#### SOURCE RECORDS
----
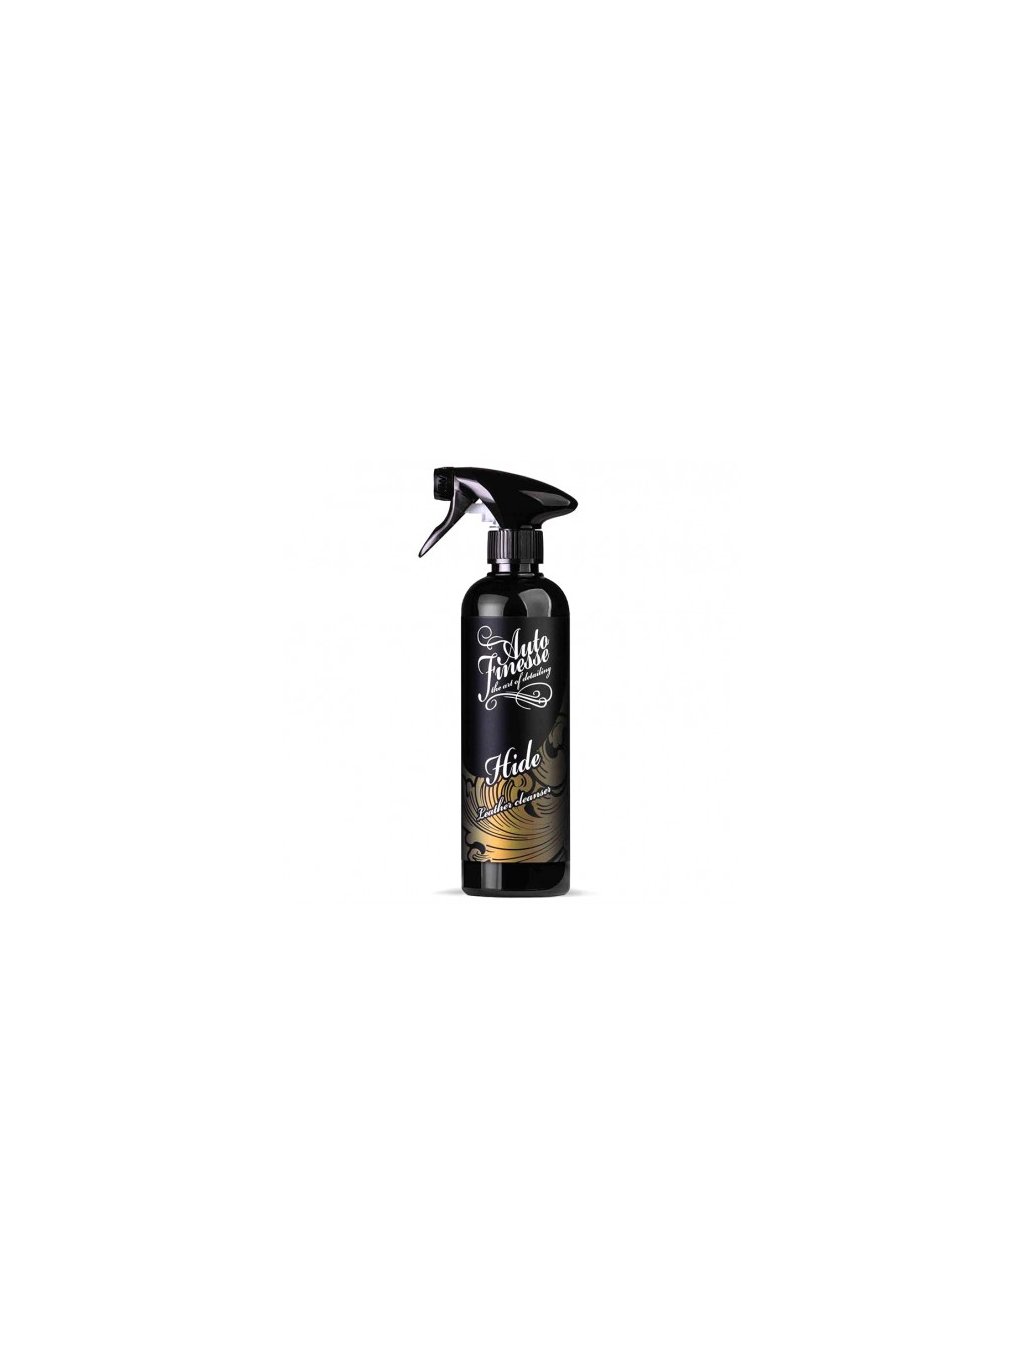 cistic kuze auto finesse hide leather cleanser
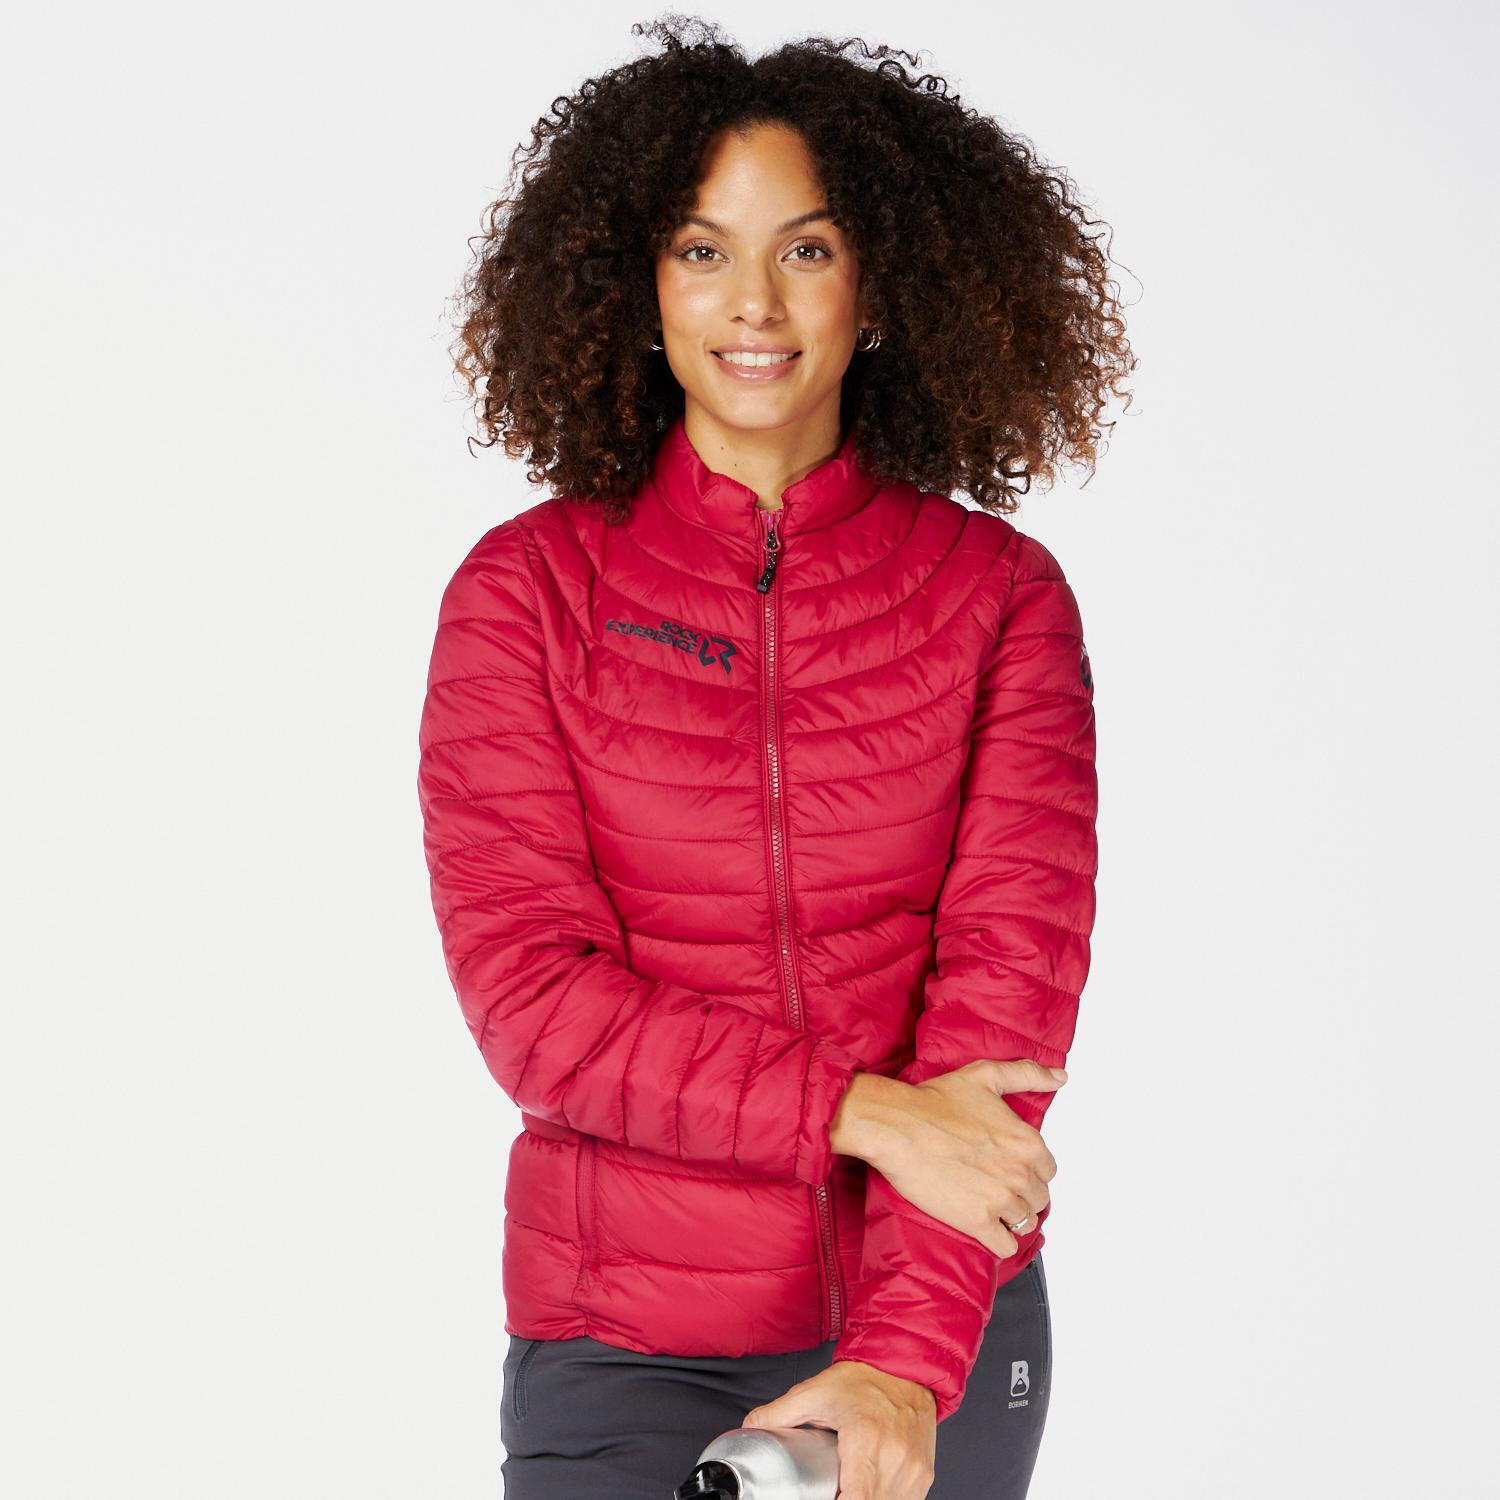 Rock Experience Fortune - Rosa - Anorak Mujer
----
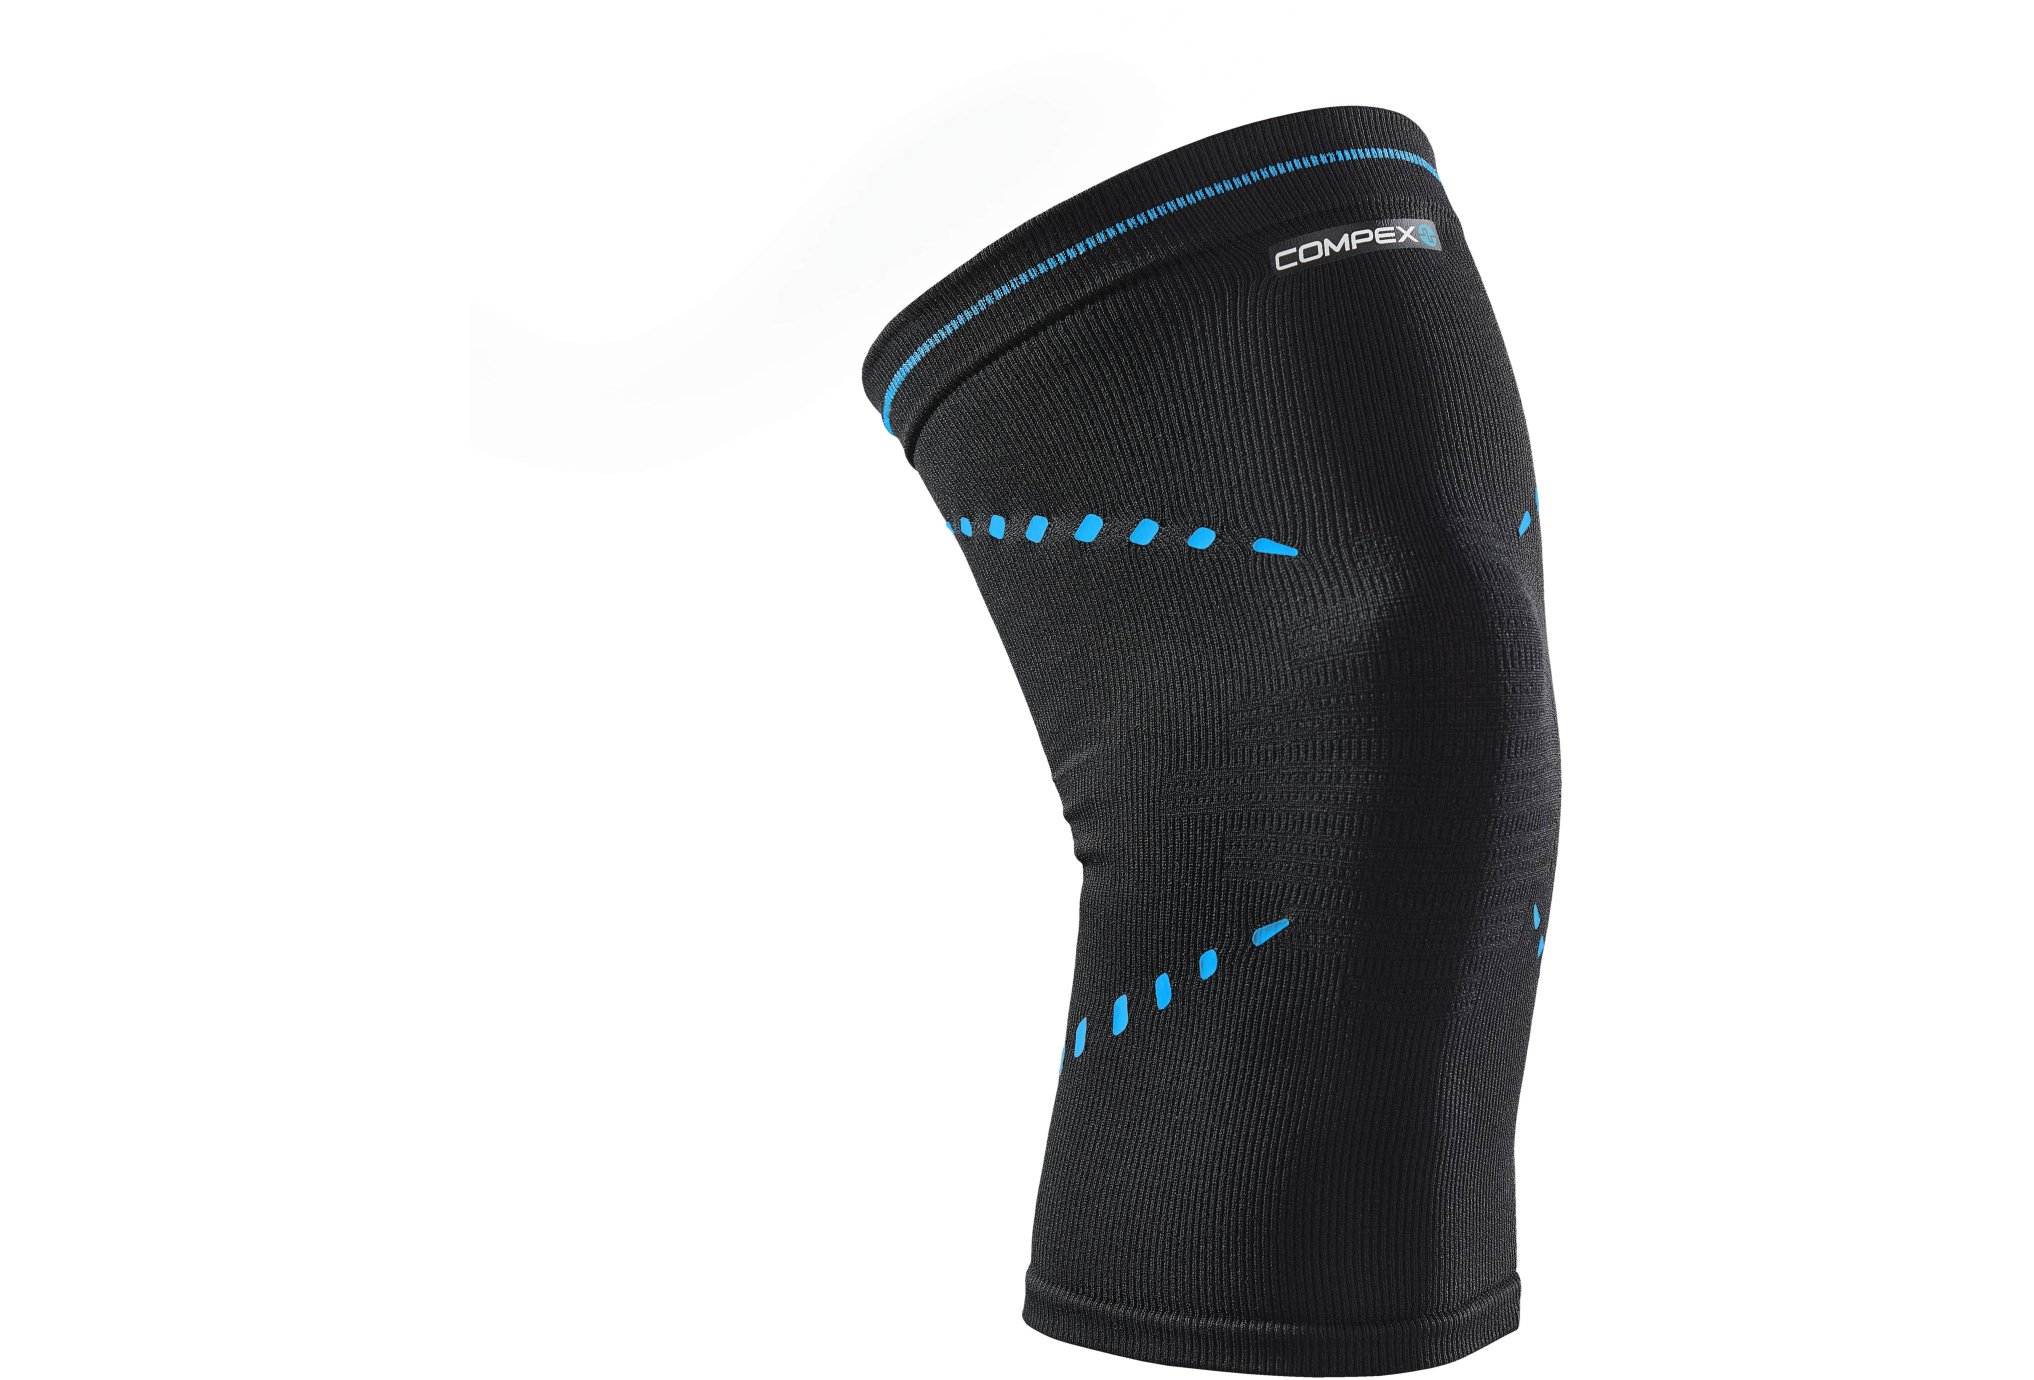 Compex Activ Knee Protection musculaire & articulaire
----
#### INSTRUCTIONS TO FOLLOW
Using the records above, return verbatim only the part that opens with the line containing "cistic kuze auto" and closes with the line containing "Rock Experience Fortune"; pictures stay out.

#### REPLY TO THE TASK
 cistic kuze auto finesse hide leather cleanser
 Rock Experience Fortune - Rosa - Anorak Mujer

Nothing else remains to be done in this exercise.